Definition
Galunisertib (development code LY2157299) is an oral, small‑molecule inhibitor of the transforming growth factor‑beta (TGF‑β) type I receptor kinase (also known as activin receptor‑like kinase 5, ALK5). It is classified as an investigational therapeutic agent primarily studied in oncology and fibrotic disease clinical trials.
Overview
Galunisertib was discovered and initially developed by Eli Lilly and Company. The compound functions by selectively binding to the ATP‑binding pocket of ALK5, thereby blocking downstream SMAD2/3 phosphorylation and attenuating TGF‑β‑mediated cellular processes such as proliferation, migration, and extracellular matrix production. Preclinical studies demonstrated antitumor activity in several cancer models, leading to multiple phase I and phase II clinical investigations. Reported indications in trial protocols have included glioblastoma, pancreatic ductal adenocarcinoma, hepatocellular carcinoma, and certain fibrotic disorders. As of the latest publicly available data, galunisertib has not received regulatory approval from the U.S. Food and Drug Administration (FDA) or the European Medicines Agency (EMA).
Etymology / Origin
The name “galunisertib” follows a naming convention commonly used for small‑molecule kinase inhibitors, where the suffix “‑sertib” denotes a selective inhibitor of a signaling pathway. The prefix “galuni‑” does not correspond to a standard linguistic root but likely reflects an internal code or branding choice by the developing company rather than an etymologically derived term.
Characteristics
| Aspect | Information |
|---|---|
| Chemical class | Pyrrolopyrimidine‑based kinase inhibitor (exact chemical structure publicly disclosed in patent literature) |
| Molecular formula | Reported as C₂₁H₂₃F₃N₈O₅ in some patent filings; however, precise confirmation from peer‑reviewed sources is limited. |
| Mechanism of action | Competitive inhibition of the ATP‑binding site of TGF‑β type I receptor (ALK5), preventing SMAD2/3 activation. |
| Administration | Oral tablets; dosing regimens in trials have varied (e.g., 150 mg twice daily in a 14‑day on/14‑day off schedule). |
| Pharmacokinetics | Reported oral bioavailability and a terminal half‑life of approximately 10–12 hours in early‑phase studies; metabolized primarily by CYP3A4. Precise parameters may differ across study populations. |
| Safety profile | Common adverse events observed in trials included fatigue, nausea, and mild hematologic changes; no definitive dose‑limiting toxicity pattern has been universally established. |
| Regulatory status | Investigational; not approved for any indication as of the most recent regulatory updates (2024). |
Related Topics
- Transforming Growth Factor‑Beta (TGF‑β) Signaling – a multifunctional cytokine pathway implicated in cancer progression, immune regulation, and tissue fibrosis.

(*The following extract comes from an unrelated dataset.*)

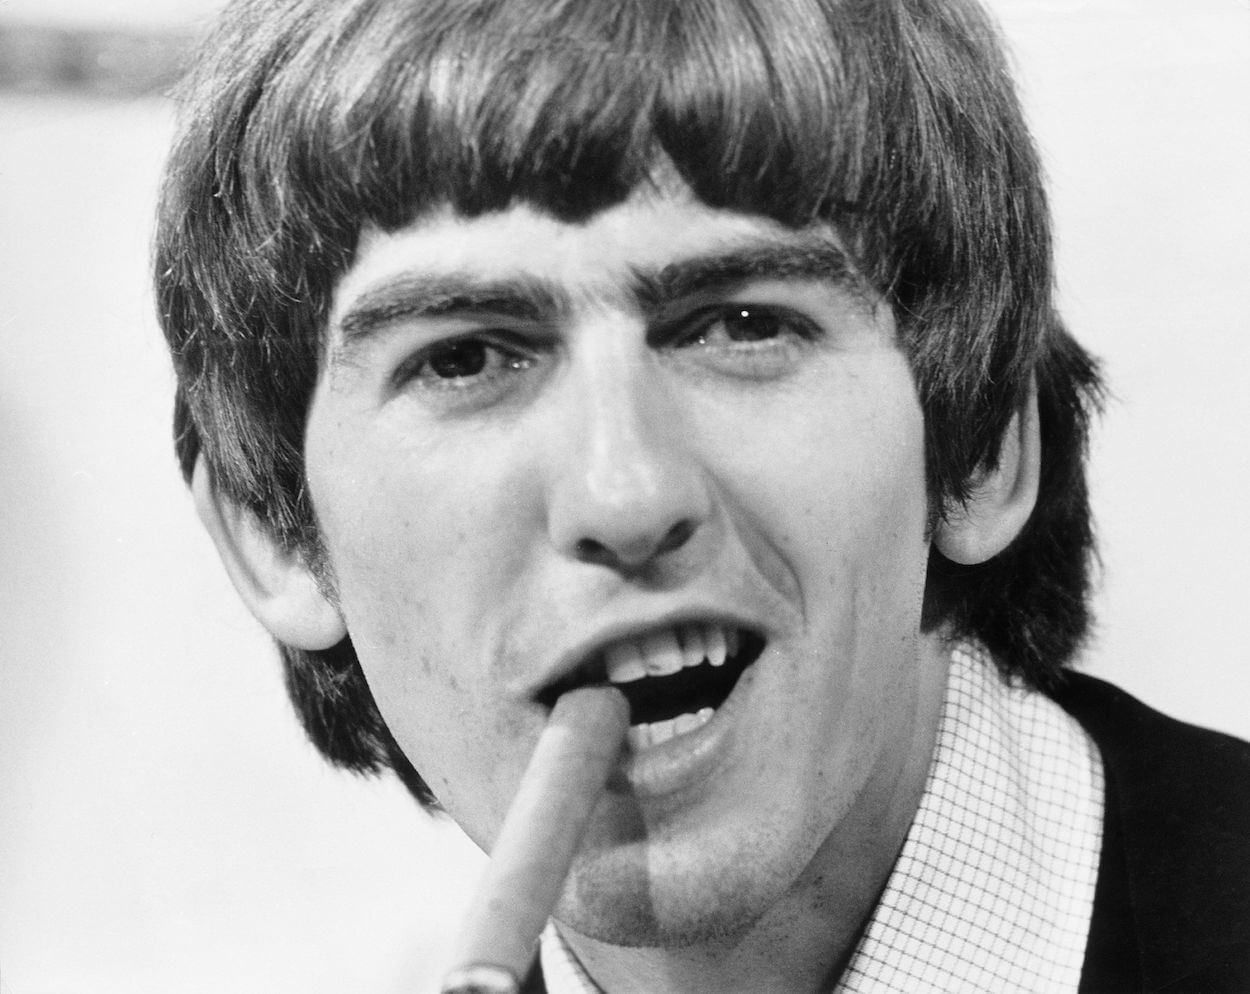 Una mirada al momento de diva de George Harrison cuando se negó a limpiar su propio vómito
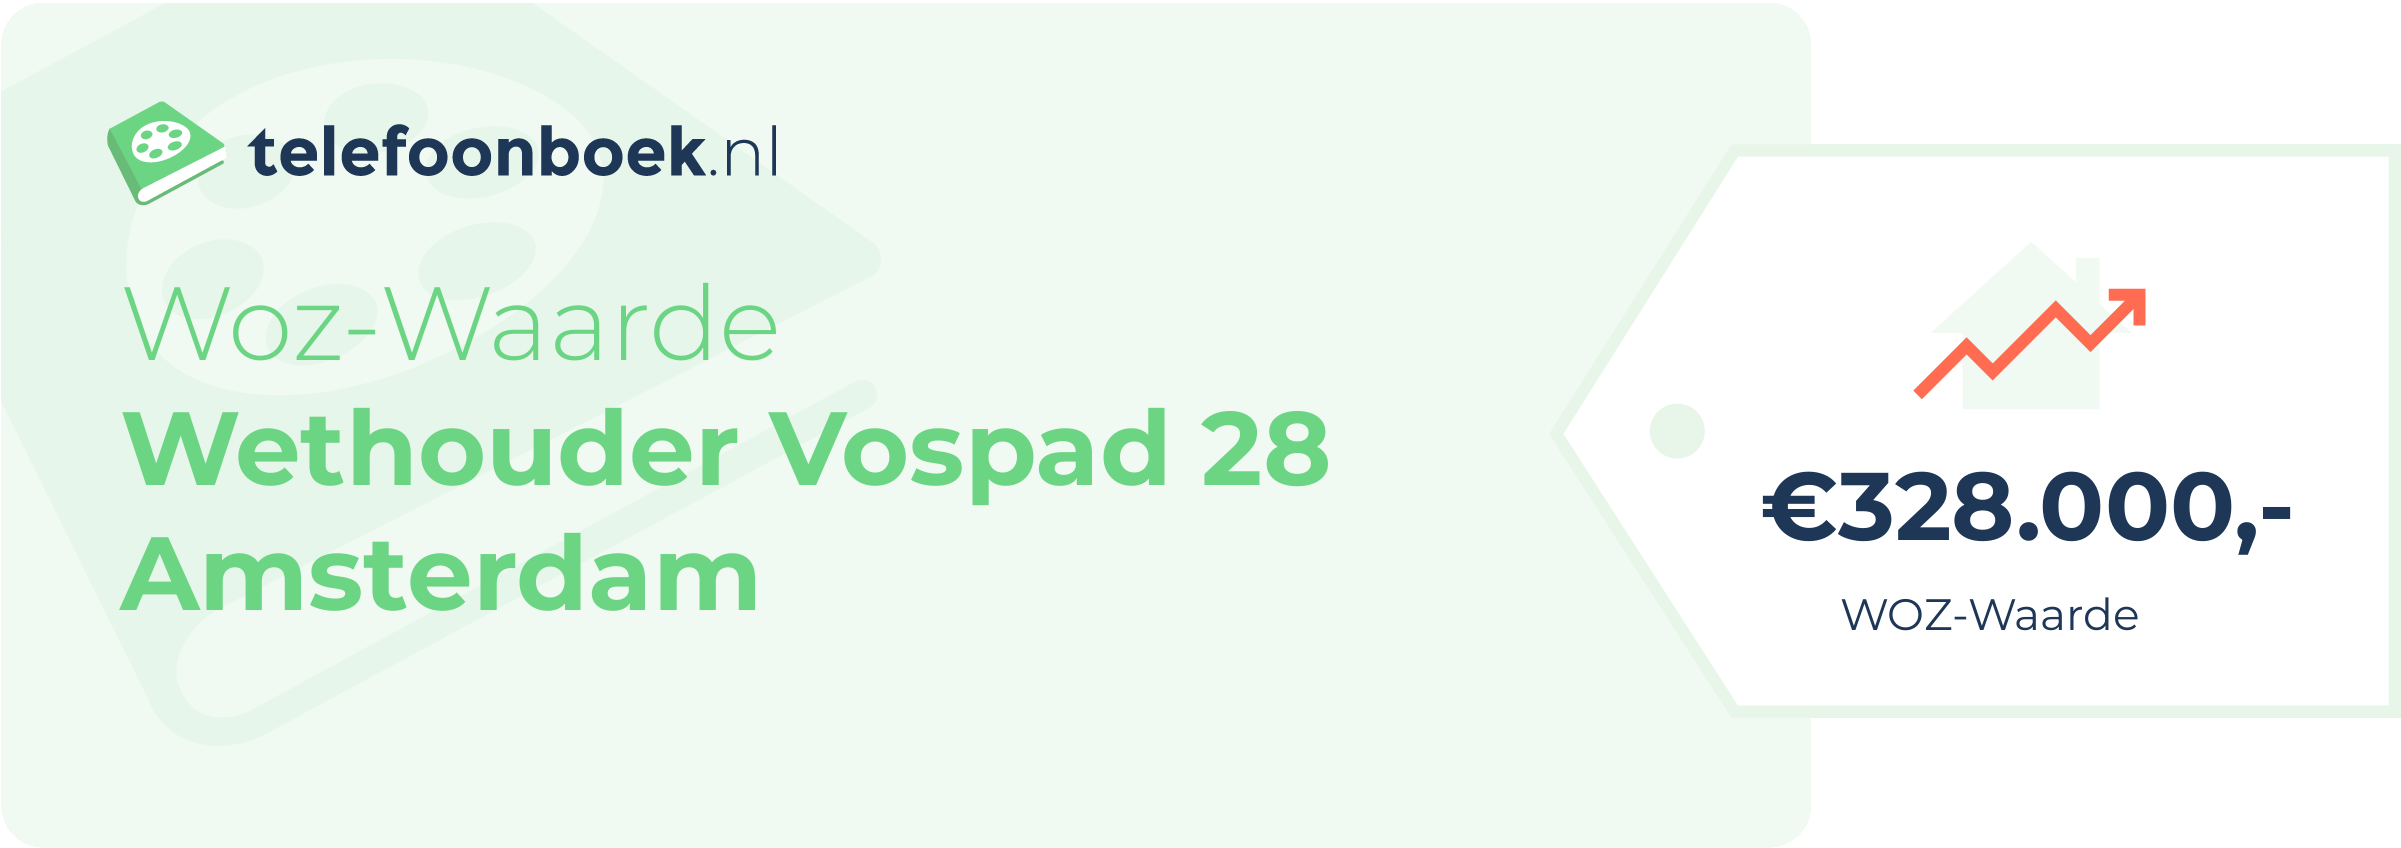 WOZ-waarde Wethouder Vospad 28 Amsterdam

- ALK5 (Activin Receptor‑Like Kinase 5) Inhibitors – a class of agents targeting the TGF‑β type I receptor, including other experimental compounds such as fresolimumab (a monoclonal antibody) and LY3200882.
- Oncologic Clinical Trials – phase I/II studies evaluating galunisertib in combination with standard chemotherapies, immune checkpoint inhibitors, or radiotherapy.
- Anti‑Fibrotic Therapeutics – research into TGF‑β pathway blockade as a strategy to treat pulmonary, hepatic, and renal fibrosis.
Note: Information regarding the exact chemical composition, pharmacokinetic parameters, and trial outcomes is based on publicly disclosed data up to 2024. Where details are limited or not corroborated by peer‑reviewed literature, the entry reflects the current state of verified knowledge.